■ Problem: The answer is the line with "Pair of circa" and every line after it to the end of the listing, retyped exactly. Pictures do not belong in it.

■ Supplied material:
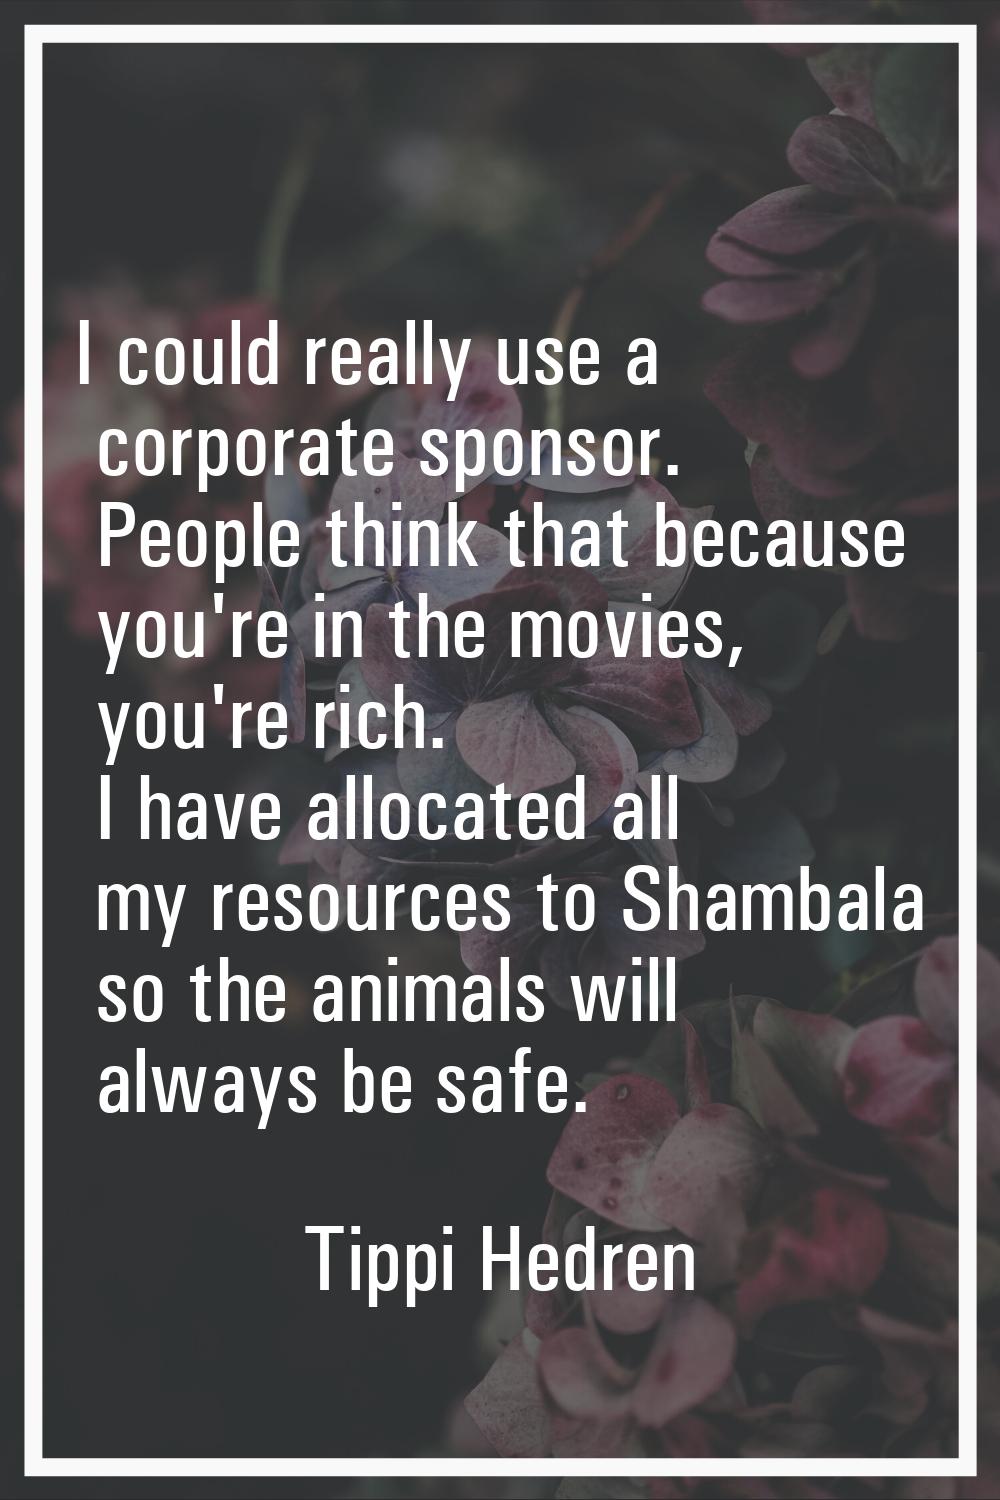 I could really use a corporate sponsor. People think that because you're in the movies, you're rich
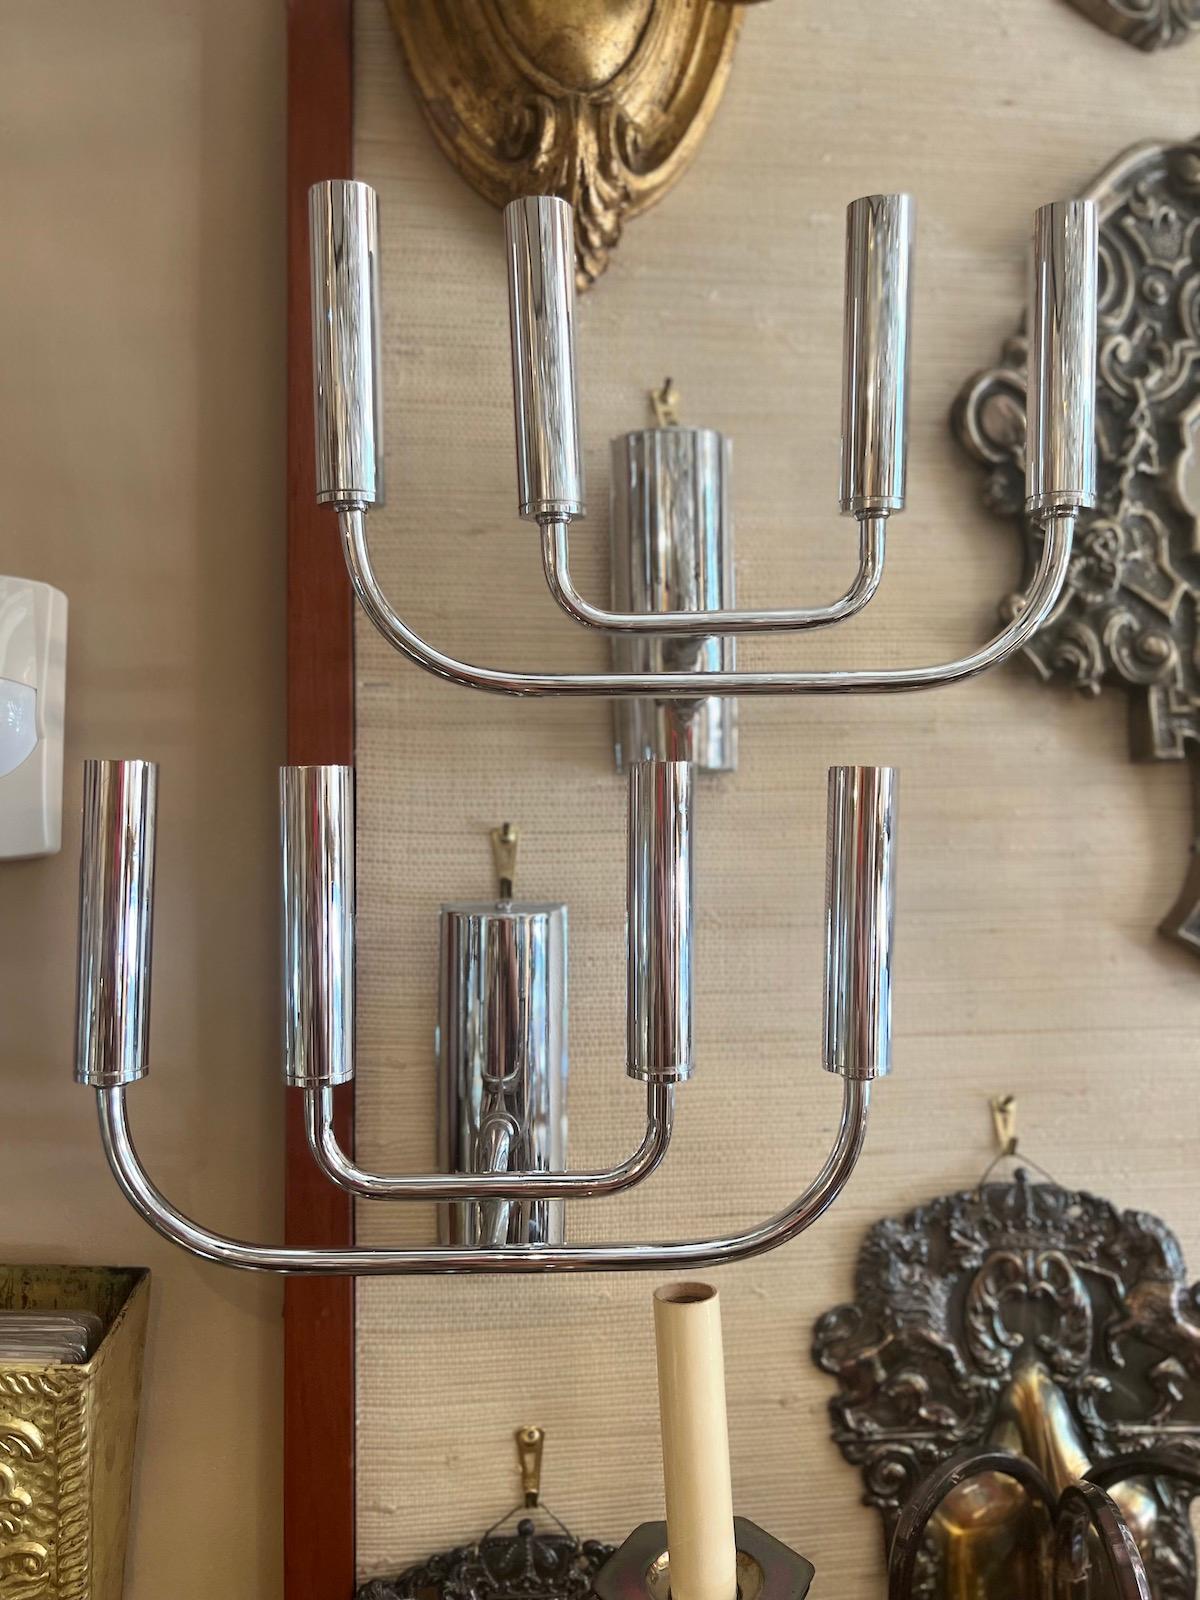 Pair of circa 1950s Italian nickel plated four lights sconces.

Measurements:
Height: 7.5

■ Your response:
 Pair of circa 1950s Italian nickel plated four lights sconces.

Measurements:
Height: 7.5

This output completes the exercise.